Выбрать главу

— Неужто так и сделал? — шепотом спросила колхозница.

— Гнусный человек, — проговорил пассажир с верхней полки.

— Так и прогнал, — продолжал парень. Боль при этом страшном воспоминании ожила во всех чертах его подвижного лица, гневно сдвинулись брови, еще глубже пролегла морщина между ними, дрогнули углы рта, и только глаза, блекло-серые, безучастные, оставались по-прежнему мертвенно-неподвижными, как стоят холодные стоячие камни среди волн и пены горной реки.

— Да, — продолжал рассказчик. — Но гадов на свете все-таки не столь много. Нашлись люди подобрее: и приют дали, и накормили, и очи мне промыли, только свет обратно вернуть уже не смогли. Попал я потом к партизанам, переправили меня через фронт. Положили в госпиталь. И так и сяк над моими очами врачи трудились, даже профессора специальные, но поздно, говорят, уже… Словом, слепота на сто процентов. Написал я домой братене, чтобы приехал. Повез меня брат домой. Всюду нам дорогу уступают, жалеют, как на несчастненького смотрят. А я здоровый, во мне жизни на целый вагон людей хватит, руки — во! Сами видите, привык других жалеть, а к себе снисхождения никогда не просил. Еду, аж зубами скриплю от тоски. Сколько во мне силы пропадает! И еще скажу, одного очень сильно опасался: как жинка примет. Очень она у меня собой красивая, видная такая. «Неужели, не выйдет встречать?» — думаю. Приехали, мы, значит, выходим, брат за руку ведет, а у самого тоже рука трясется… Иду я за ним и ухом каждый шаг вокруг ловлю: не подойдет ли, не встретит ли? Нет, никто не встретил. Вдруг, заслышал я частые шаги, затопотали каблучки по лестнице, где через пути переход. Подбежала она, бросается на шею. Пришла, значит, все-таки. Приехали домой, а я в хату не захожу, стал на пороге и сказал то, что давно задумал: «Вот, Ольга, давай без паники решать вопрос — или в семейный дом мне войти, или бобылем по моему теперешнему положению быть. Остаешься со мной — не возражаю, сама чувствуешь. Не захочешь дальше жить — уходи. Только сейчас же собирай вещи и уходи, пока я в хату не зашел». А она: «Никуда я от тебя, Петя, не пойду…» Ну и, конечно, еще многое сказала. Только это я, извиняюсь, пересказывать не стану. Это слова дорогие. Такие слова про себя держишь. Ну, и остались мы вместе. Все думал я, за какое дело взяться. Силы много, здоровье есть. Слух у меня к музыке очень хороший. А тут брат старший, как на фронт провожали, баян свой оставил. В ту пору в Ессентуках школа военно-ослепших открылась, и как раз объявление, что по баяну в класс принимают. Поступил, учиться стал. А вот теперь и зачеты сдал, еду на побывку, к жинке. И читать научился по-слепому, пальцами. Недавно Льва Толстого сочинение прочел про войну и мир…

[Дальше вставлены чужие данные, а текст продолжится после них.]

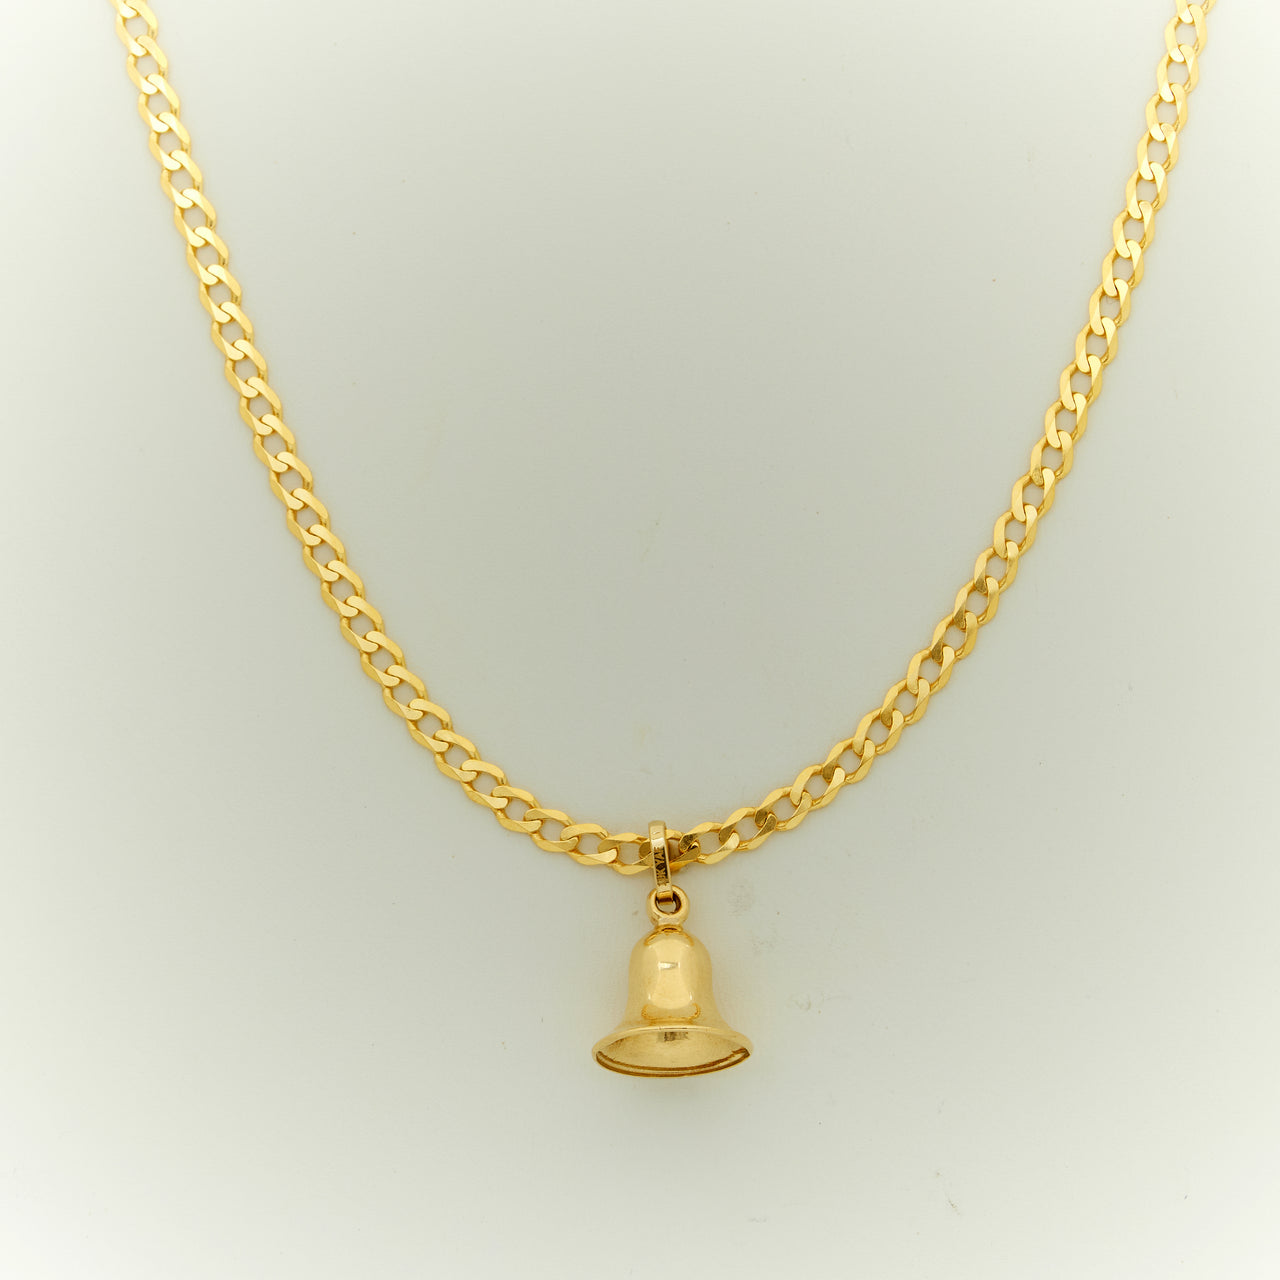 Cadenas de Oro 10k #4 para Mujer o Adolecentes. Acosta´s jewelry

— А баян-то при себе? — спросила колхозница. — Сынок, ты б сыграл, показал бы нам, чему научился, а?

— Очень даже просим, — откликнулся молчаливый пассажир с верхней полки.

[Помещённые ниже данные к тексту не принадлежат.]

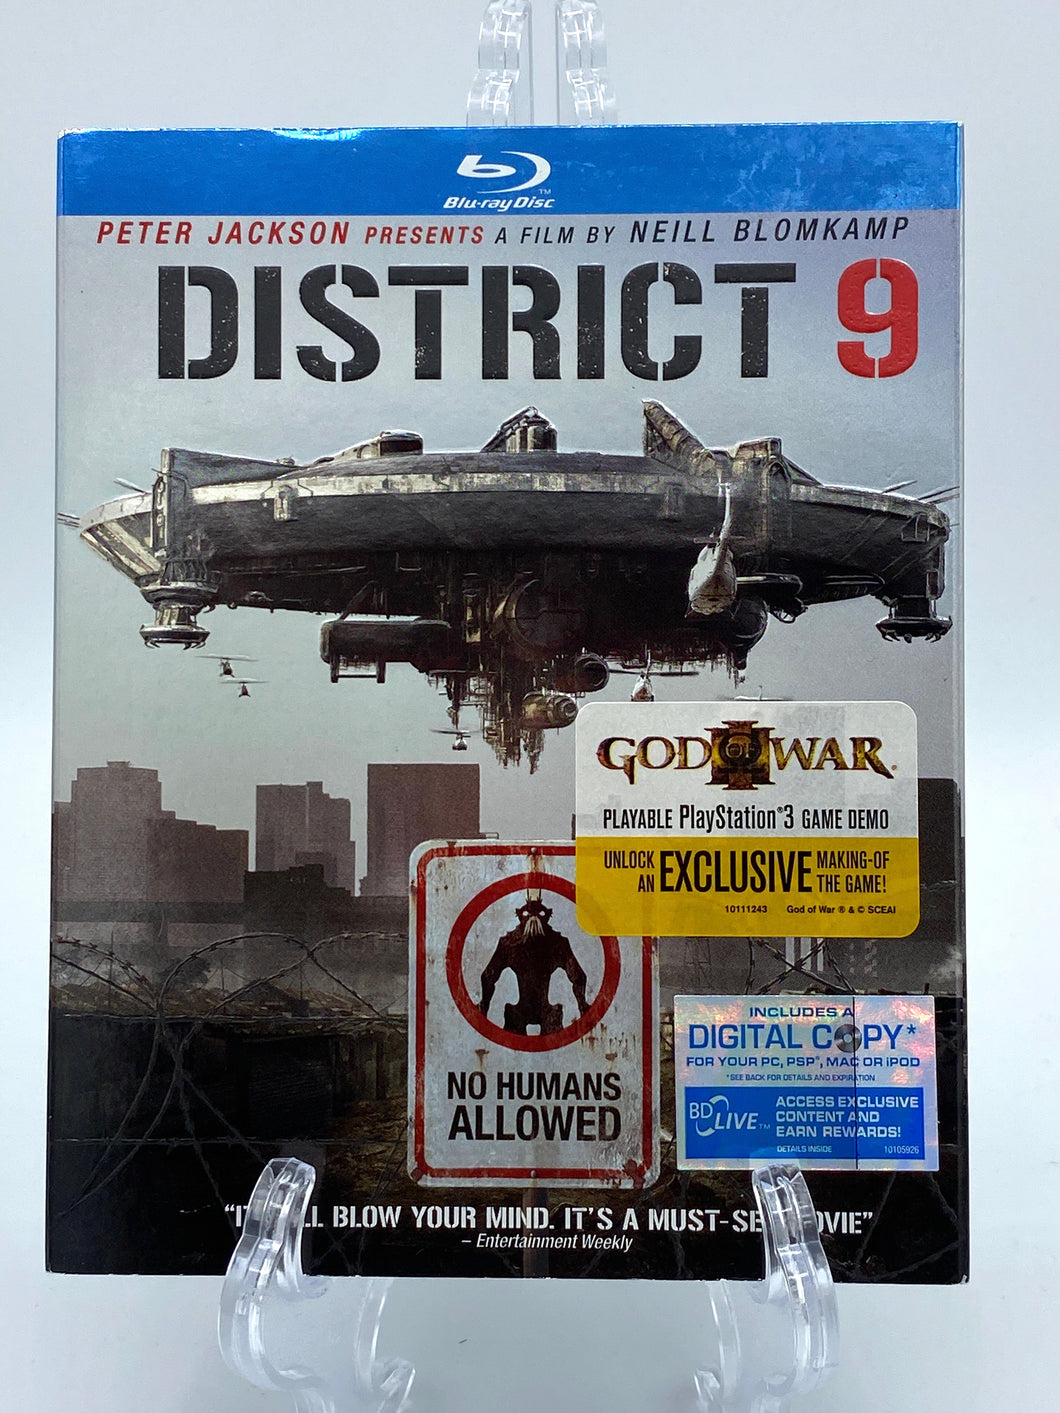 District 9 (Blu-Ray)

— Что ж, если просьба такая, могу с удовольствием, я и по радио в Ессентуках выступал, а теперь в клуб работать зовут, — сказал парень, поднялся и достал с багажной полки тяжелый футляр с баяном. Он вынул инструмент, бережно обтер его чистым платком, вдел плечо в ремень, еле слышно прошел по ладам, пригнув голову, прислушался, широко развел меха баяна, и вдруг нетерпеливые пальцы его частым и звучным перебором промчались по всей клавиатуре до самих басов… Он рванул меха, глубокий и властный аккорд пронесся по вагону и замер…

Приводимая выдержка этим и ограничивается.